What the exercise asks: Down to the last line, print the data that follows exactly, without its pictures.

Available data:
################

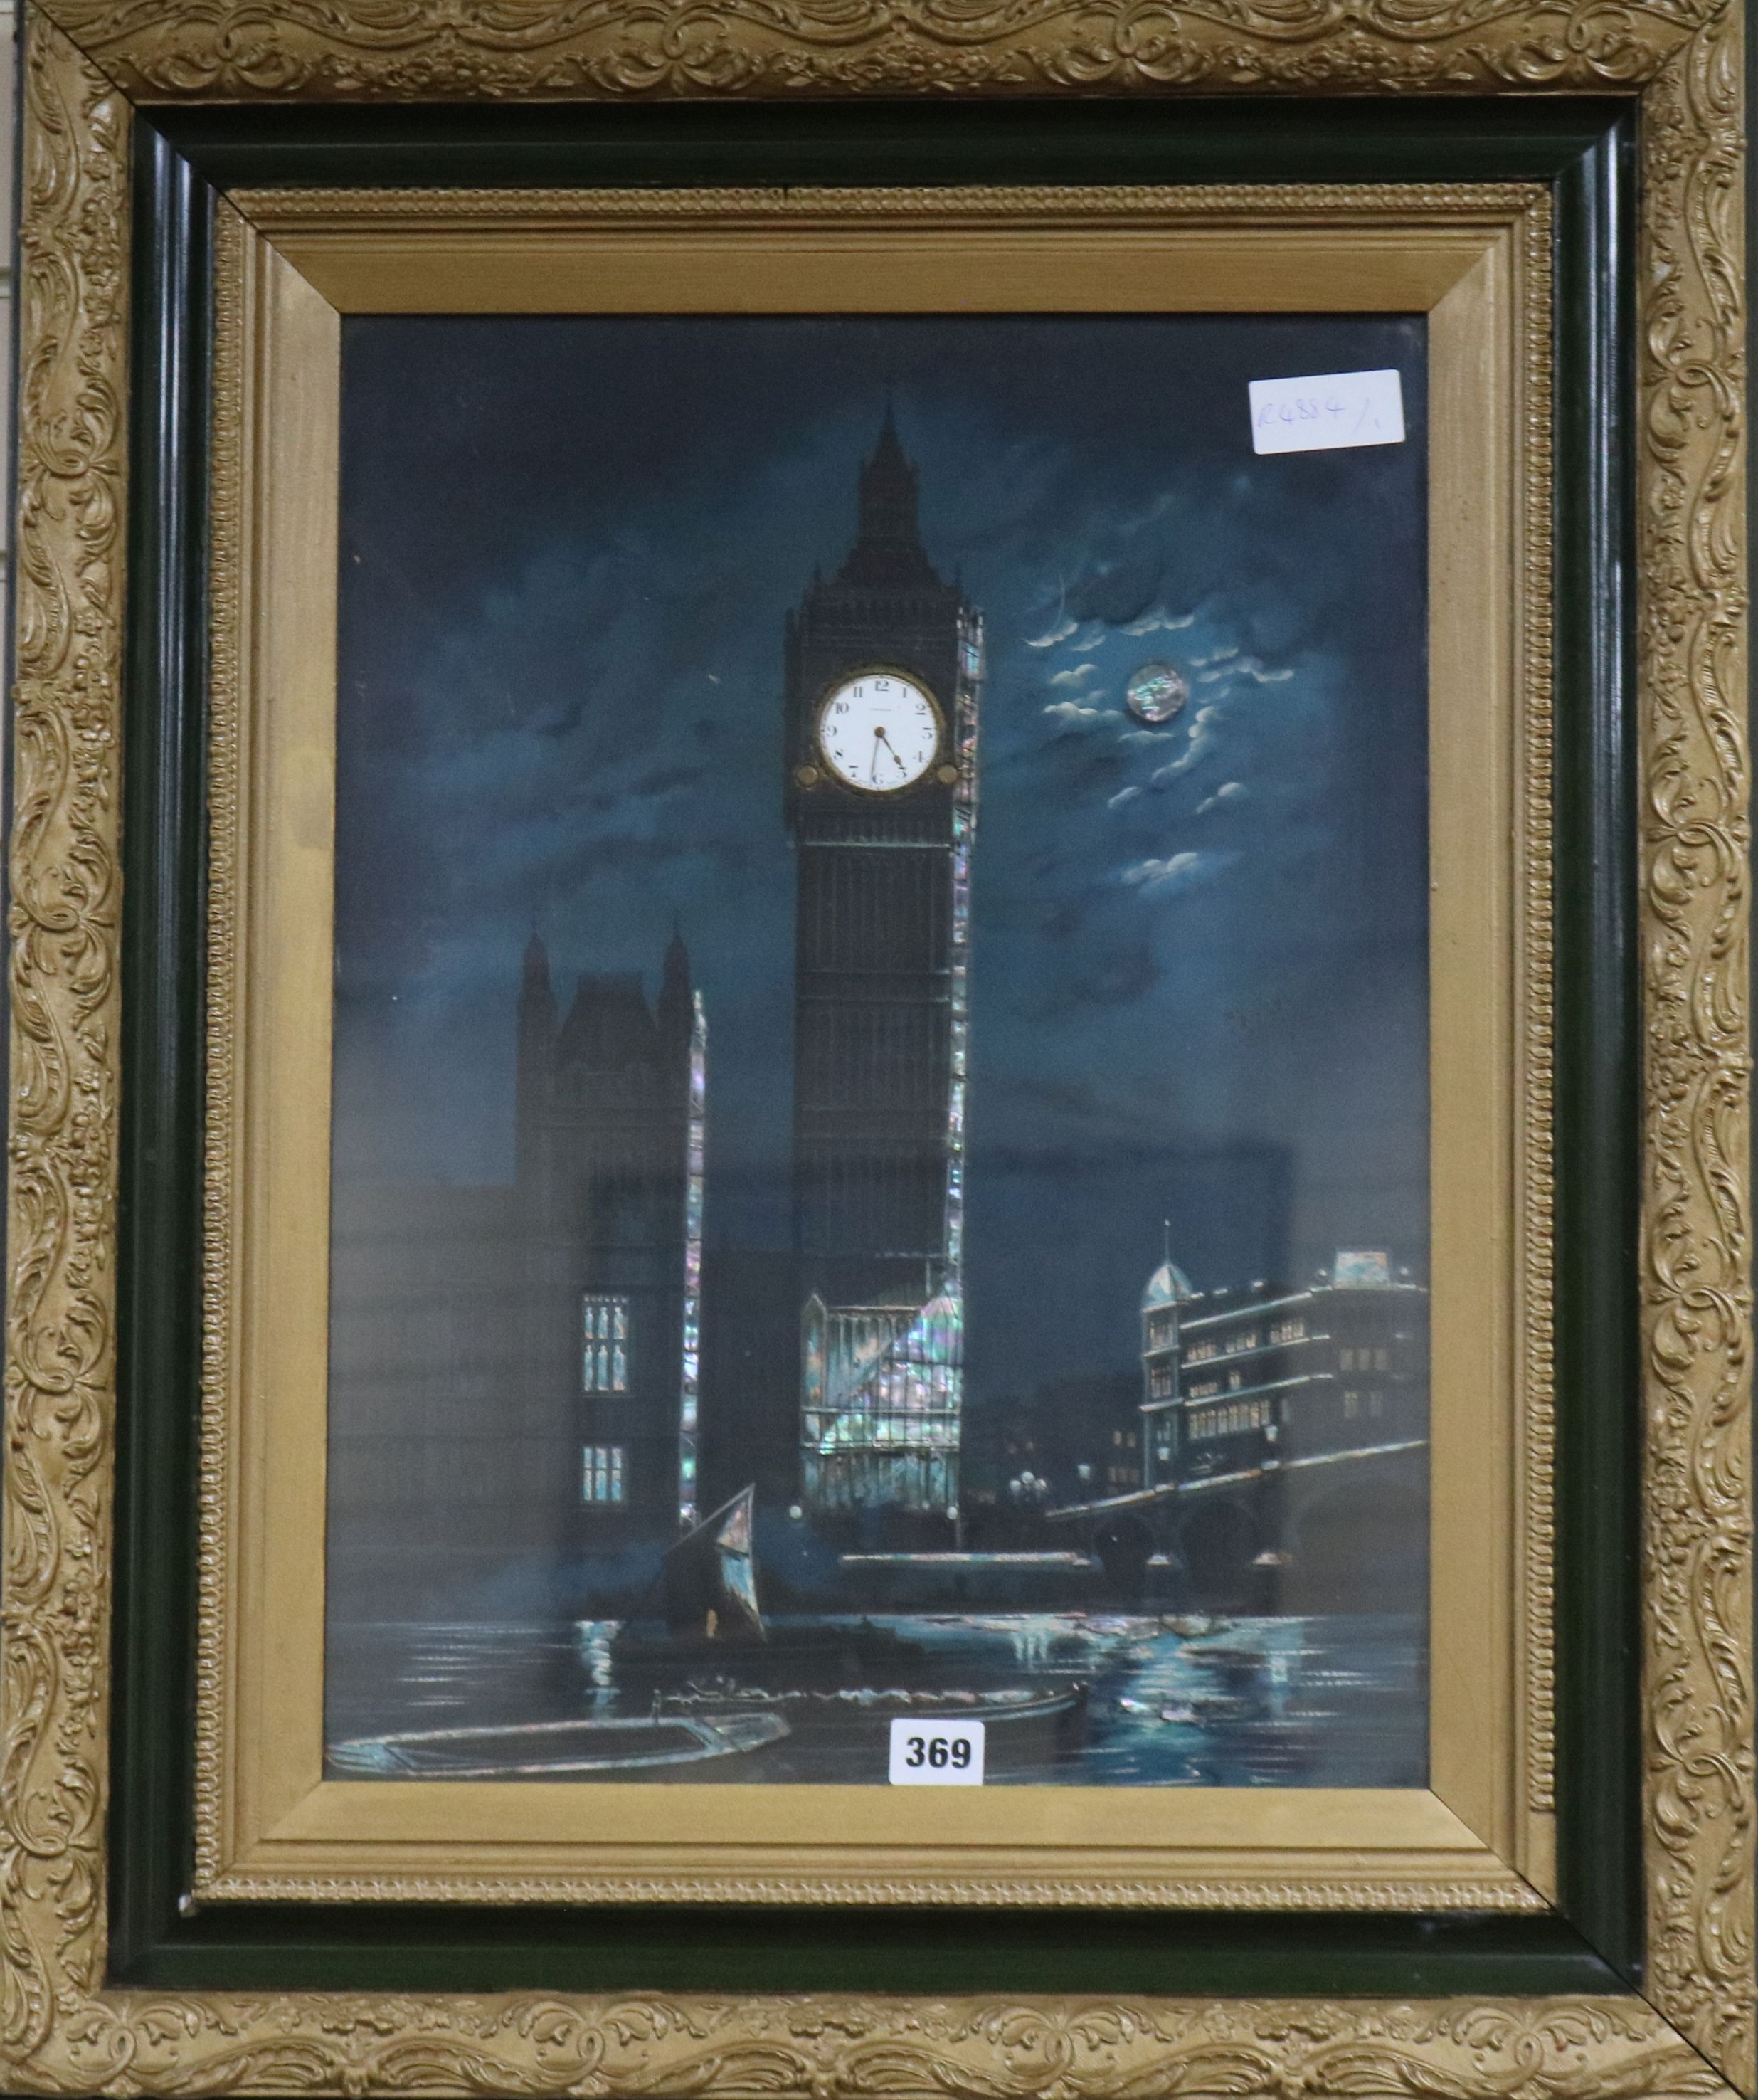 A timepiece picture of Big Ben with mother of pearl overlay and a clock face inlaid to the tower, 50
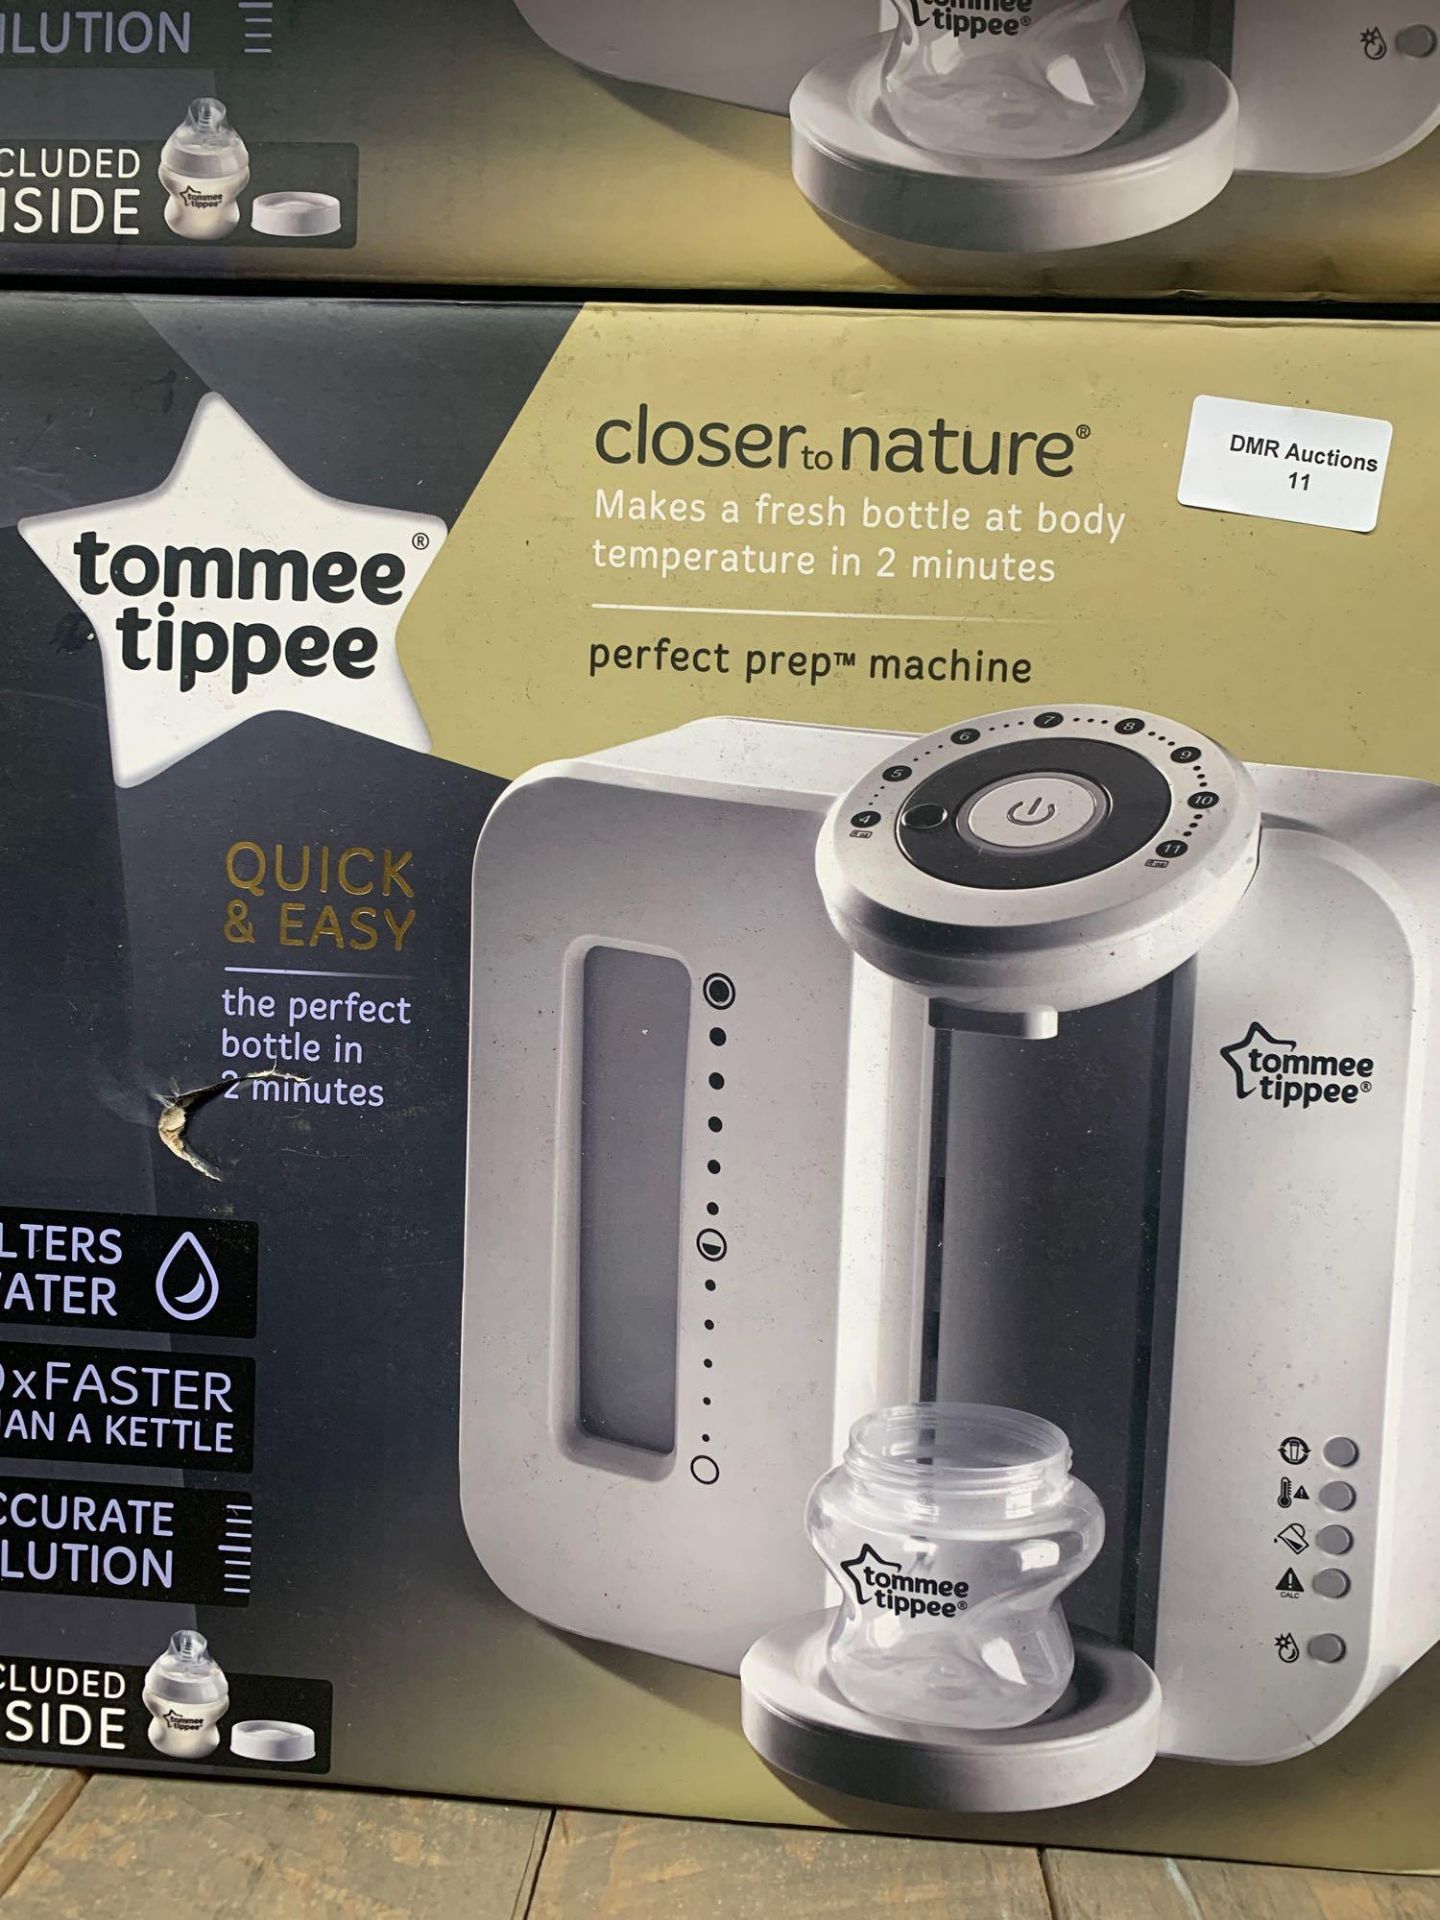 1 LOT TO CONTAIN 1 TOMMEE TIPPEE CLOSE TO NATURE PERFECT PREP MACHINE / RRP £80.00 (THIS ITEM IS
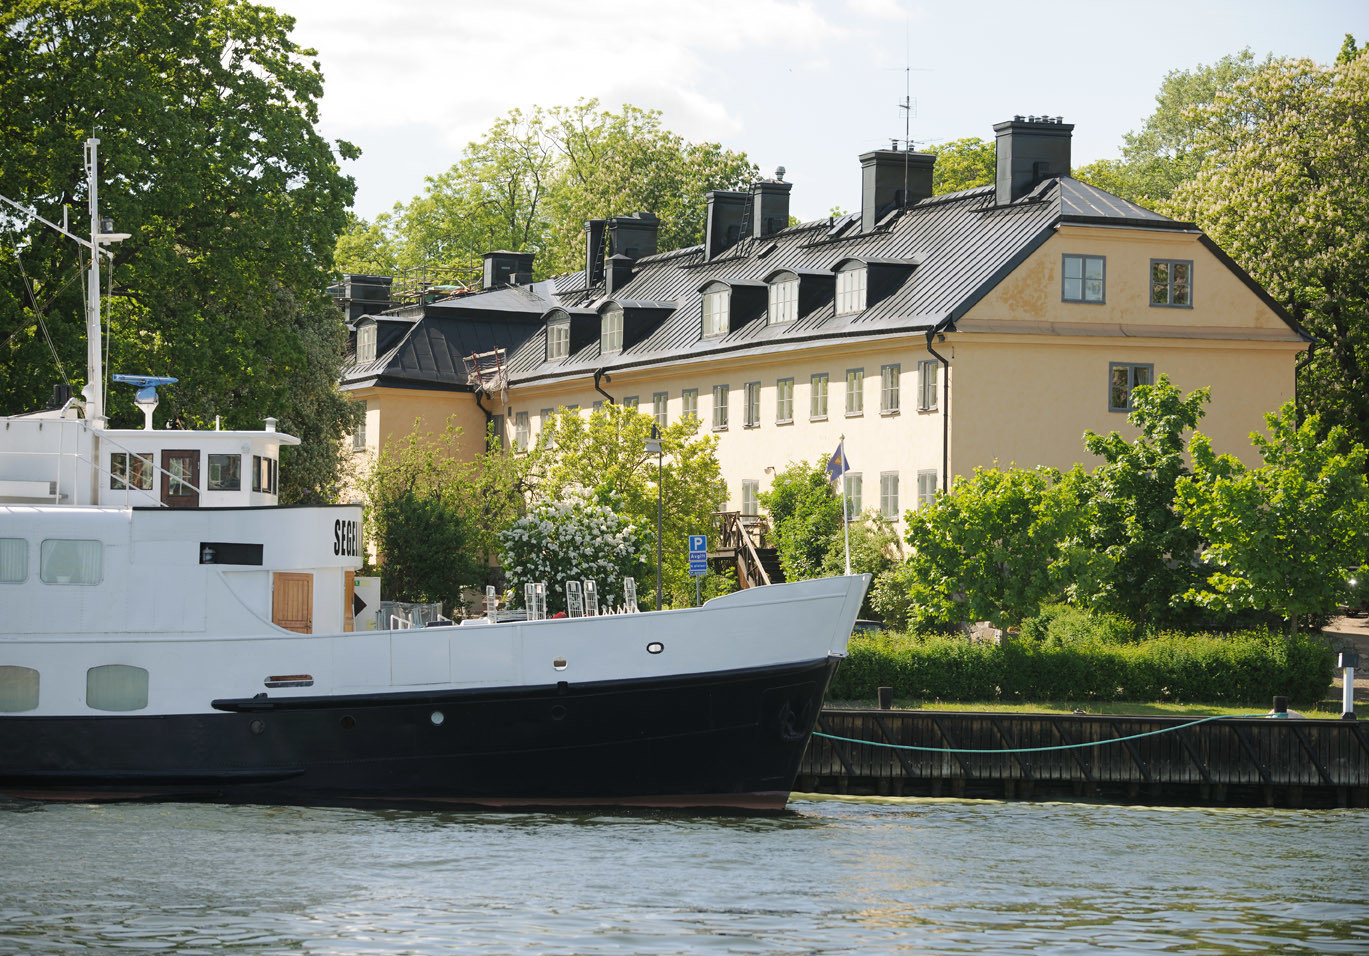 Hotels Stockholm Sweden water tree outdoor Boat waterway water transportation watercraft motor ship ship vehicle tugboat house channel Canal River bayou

################

Your response:
 A timepiece picture of Big Ben with mother of pearl overlay and a clock face inlaid to the tower, 50
 1 LOT TO CONTAIN 1 TOMMEE TIPPEE CLOSE TO NATURE PERFECT PREP MACHINE / RRP £80.00 (THIS ITEM IS
 Hotels Stockholm Sweden water tree outdoor Boat waterway water transportation watercraft motor ship ship vehicle tugboat house channel Canal River bayou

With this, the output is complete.